Свою фату на верхней полке в гардеробной вместе с платьем я хранила все эти пятнадцать лет.
— Ты уверена, что хочешь показать ему платье до свадьбы? — Мама поправляла фату, прикрепив ее заколкой к моим волосам. — Ты же знаешь примету…
Кружась перед зеркалом, будто сумасшедшая, я счастливо рассмеялась. Платье с кружевными рукавами облегало мою тонкую талию как вторая кожа.
— Мам, ну мы же в двадцать первом веке живем. Неужели ты до сих пор веришь в приметы? И потом, Максим точно не из тех, кто сбежит.
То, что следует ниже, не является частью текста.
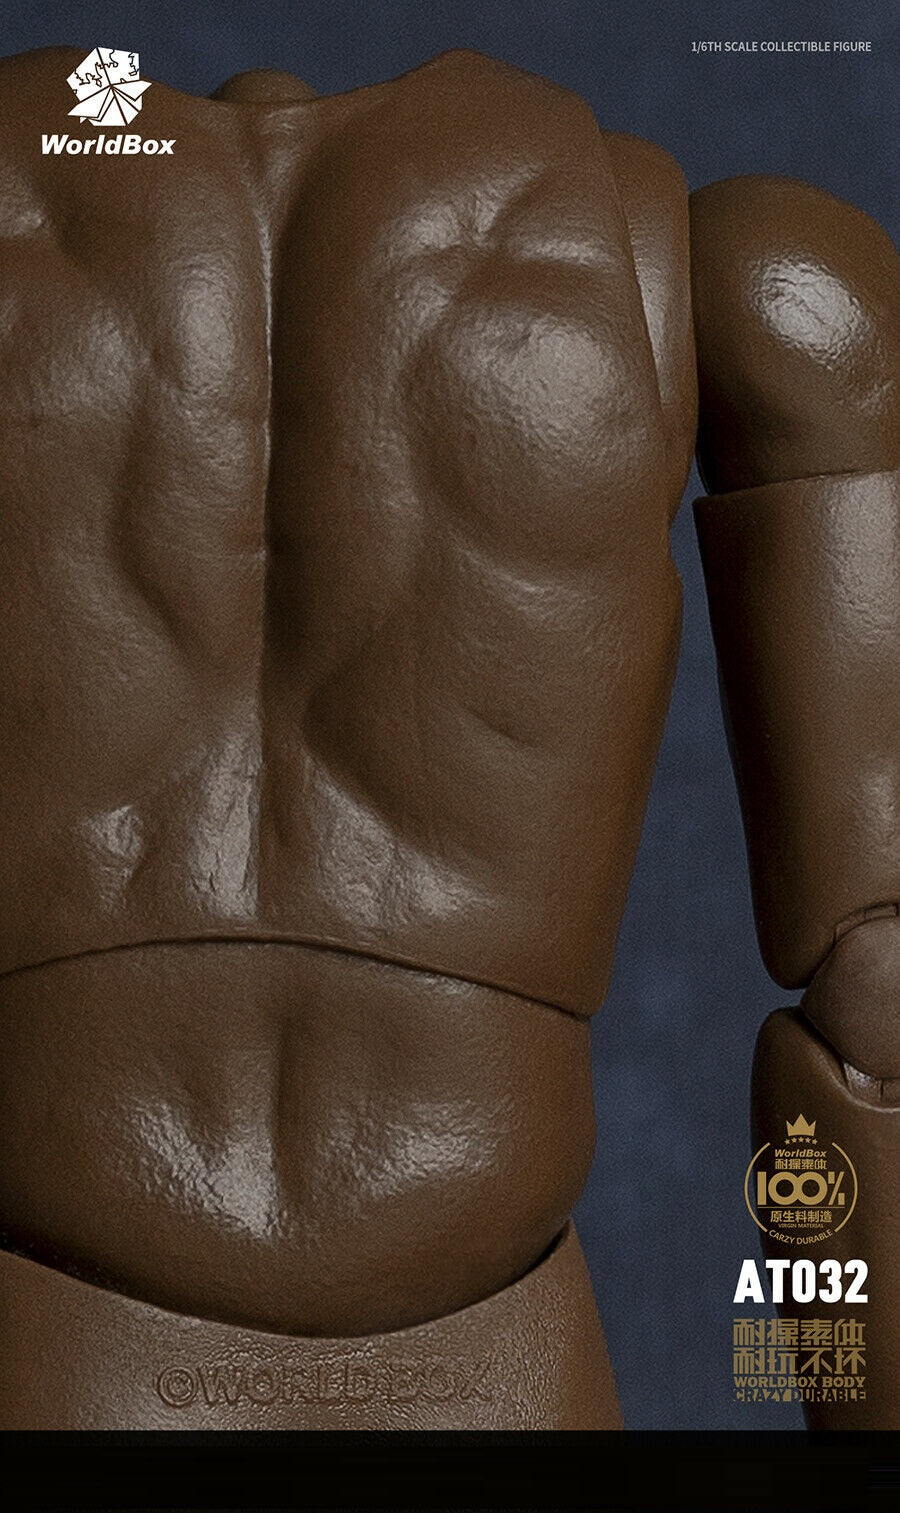 [PEDIDO] Cuerpo articulado masculino Universal (Black version) marca Worldbox AT032 escala 1/6

— Сбежит, не сбежит, — тихо ворчала мама с улыбкой. — Иди уже, зятек, посмотри на свою невесту.
Невестой я была самой прекрасной. Макс и правда от меня не сбежал. В день нашей свадьбы мы оба стояли в зале для бракосочетаний и принимали самое главное решение в своей жизни. Удивительно, но у него тогда дико тряслись руки, отчего подпись в свидетельстве о браке получилась корявой.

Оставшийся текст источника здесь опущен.